- Film poster
- Directed by: Edward Burns
- Written by: Edward Burns
- Produced by: Edward Burns Philippe Martinez Aaron Lubin Margot Bridger
- Starring: Edward Burns John Leguizamo Matthew Lillard Donal Logue Jay Mohr Brittany Murphy
- Cinematography: William Rexer II
- Edited by: Jamie Kirkpatrick
- Music by: Robert Gary Howard Drossin P.T. Walkley
- Distributed by: Bauer Martinez Entertainment
- Release dates: June 9, 2006 (Waterfront Film Festival); July 14, 2006;
- Running time: 93 minutes
- Language: English
- Budget: $3 million

= The Groomsmen =

The Groomsmen is a 2006 comedy film written and directed by Edward Burns. It opened in New York City and Los Angeles on July 14, 2006. Filming took place at many locations in the City Island section of the Bronx.

==Plot==
A groom and his four groomsmen wrestle with issues such as fatherhood, homosexuality, honesty and growing up in the week leading up to his wedding.

Paulie, a self-supporting writer, is making plans for his marriage to Sue, his girlfriend who is in her 5th month of pregnancy. Paulie is strongly advised by his older brother Jimbo to not go through with the wedding. Jimbo, who has trouble keeping a job, is envious of Paulie, partly because his own childless marriage is unraveling.

T.C., who left the neighborhood without explanation eight years earlier, returns for the wedding. Apparently, before leaving, T.C. had stolen a Tom Seaver baseball card from Paulie's cousin Mike. Mike still harbors such resentment over the loss that he immediately starts a fight with T.C. Later, T.C. hesitantly reveals that he abruptly left the neighborhood because he's gay and that he stole Mike's card because, even though they were best friends, he hated him for his constant verbal gay bashing.

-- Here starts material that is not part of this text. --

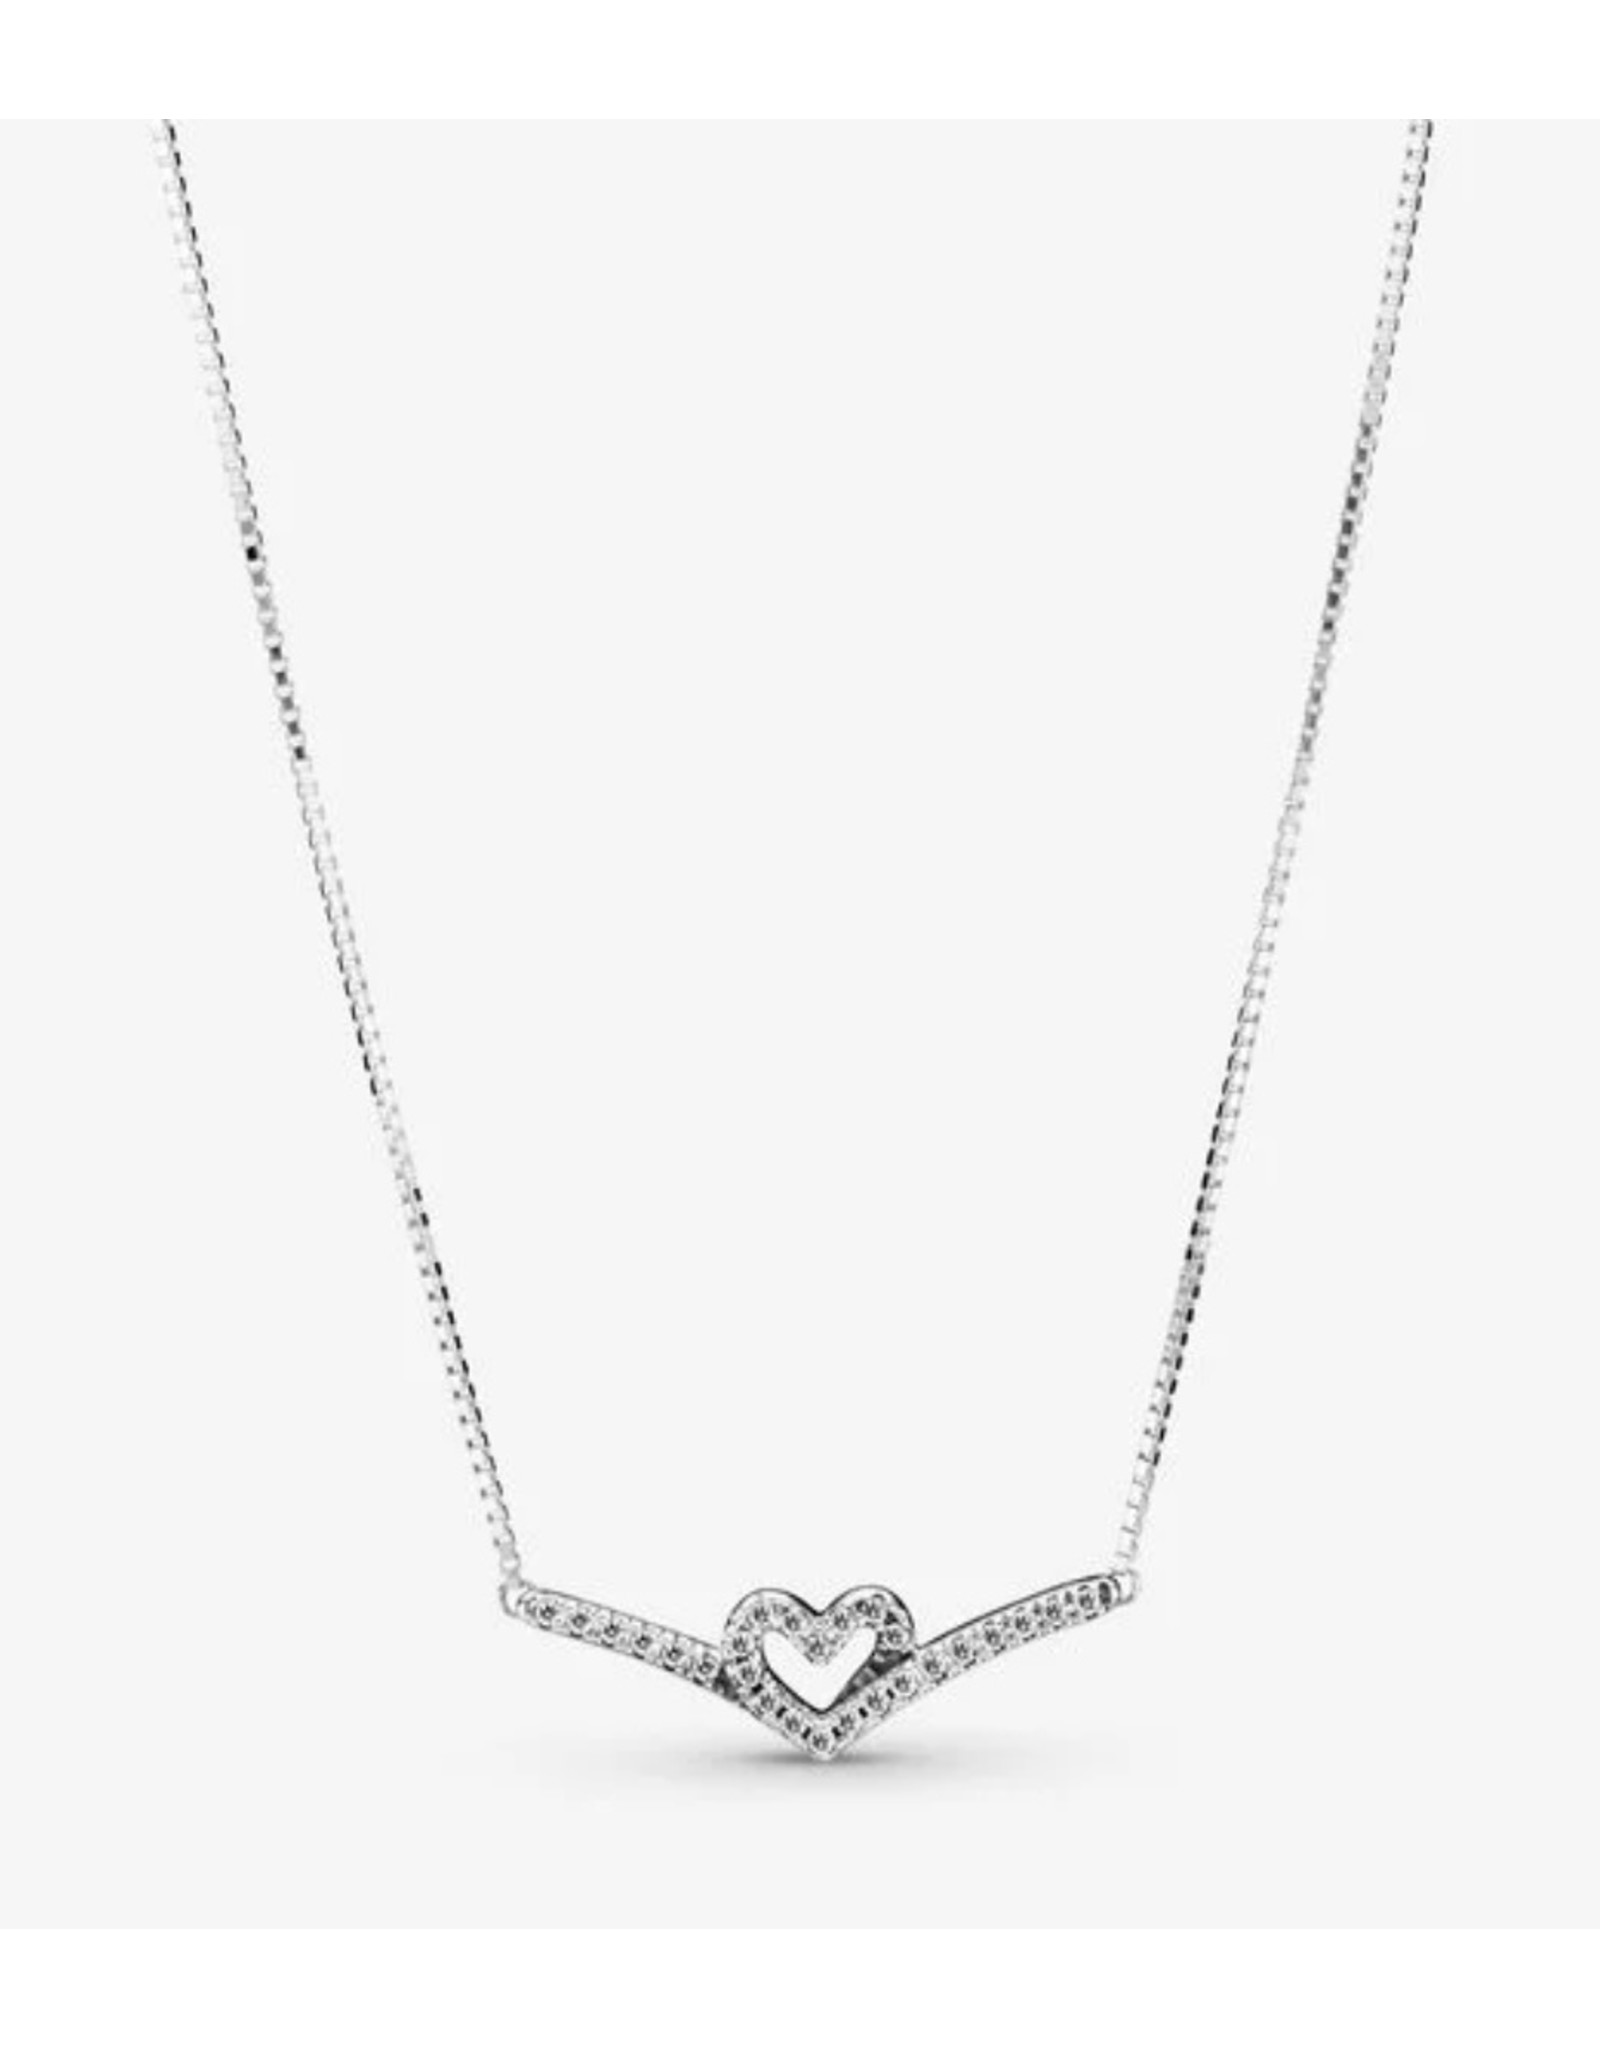 Pandora Pandora Necklace,399273C01-45,Sparkling Wishbone Heart, Clear CZ
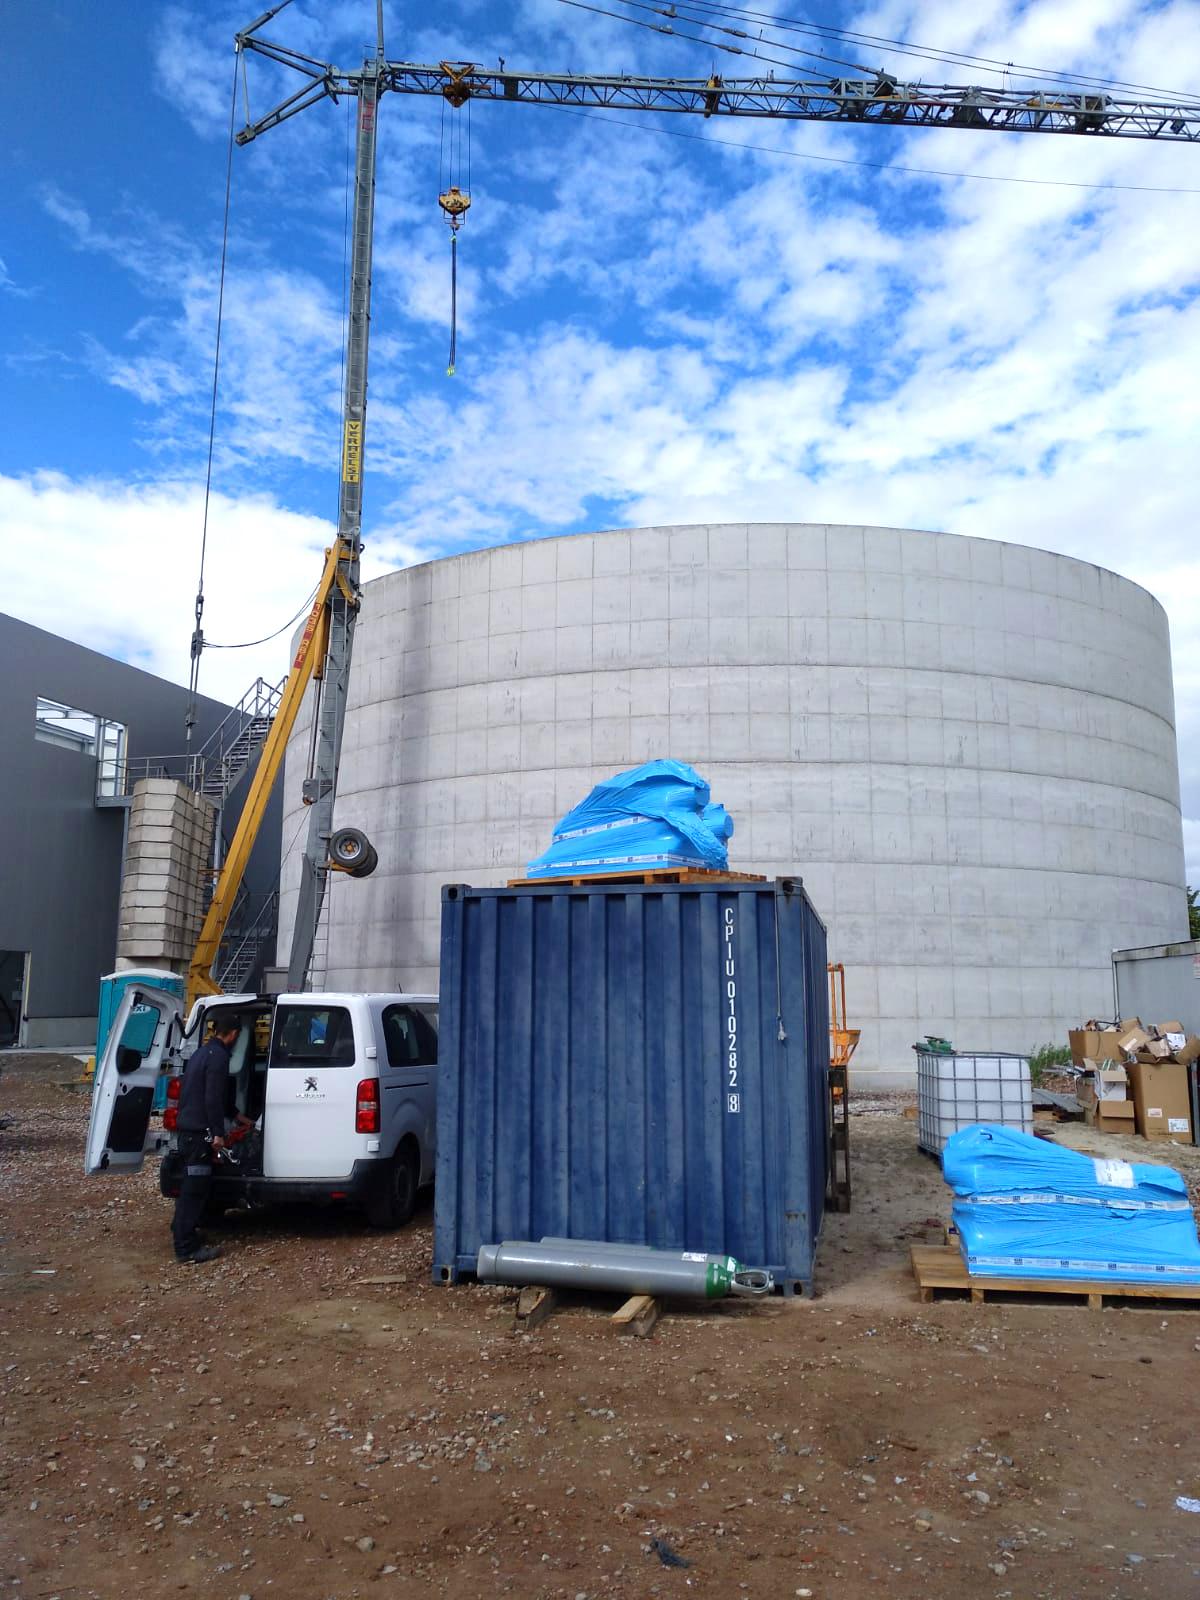 Mydibel Water Treatment INDEREN Tratamiento Aguas Mydibel INDEREN-Vista general reactor aerobio-01

The neighborhood bar is owned by Dez, who is married with two children and is the most content and functional member of the gang. He is continually trying to "get the band back together". He has even pushed his own sons into learning the guitar and is seen riding them to become better.

T.C. knocks on the door of his estranged father's house. It's the first time that T.C. has seen his father since he told his father that he is gay and his father reacted negatively to the news. T.C.'s father answers the door and comes outside and father and son tearfully embrace.

==Cast==
- Edward Burns as Paulie
- Heather Burns as Jules
- John Leguizamo as T.C.
- Matthew Lillard as Dez
- Donal Logue as Jimbo, Paulie's older brother
- Jay Mohr as Mike, Paulie & Jimbo's paternal cousin
- Brittany Murphy as Sue
- Shari Albert as Tina
- Jessica Capshaw as Jen
- Arthur Nascarella as Mr. B
- John O'Donohue as Pops, Mike's father and Paulie & Jimbo's paternal uncle
- Spencer Fox as Jack
- Joseph O'Keefe as Roman Catholic Priest
- Joe Pistone as Topcat
- Kevin Kash as Strip Club MC
- Amy Leonard as Crystal
- Jamie Tirelli as T.C.'s Dad
- John Mahoney as Father of Paulie and Jimbo (cut from film; seen in bonus footage)

==Production==
Burns' then-girlfriend, supermodel Christy Turlington, was also five months pregnant when they married in June 2003. Turlington inspired Burns to rework the manuscript for this movie, which he hadn't worked on in many months.

== Release ==

The film opened on July 14, 2006, in a limited release of 26 theaters in the US. It grossed less than one million dollars foreign and domestic.

==Reception==
On review aggregator website Rotten Tomatoes, The Groomsmen has an approval rating of 52% based on 33 reviews. The website's critics consensus reads, "Director and star Burns returns to his home turf -- dialogue-driven examinations of the relationships between men and women -- with uneven results."

In his review for The New York Times, Stephen Holden wrote, "What gives Mr. Burns’s movies their spark is his gut-level empathy for these people, most of whom he understands deeply and relies on for inspiration", but noted that with this film, Burns "is unable (or perhaps afraid) to contrive a story to match his attunement to place and personality. You tolerate the false sentimentality and his characters’ one-dimensional troubles the way you tolerate the conventions of a sitcom."
 Holden also opined that Leguizamo's character felt underwritten.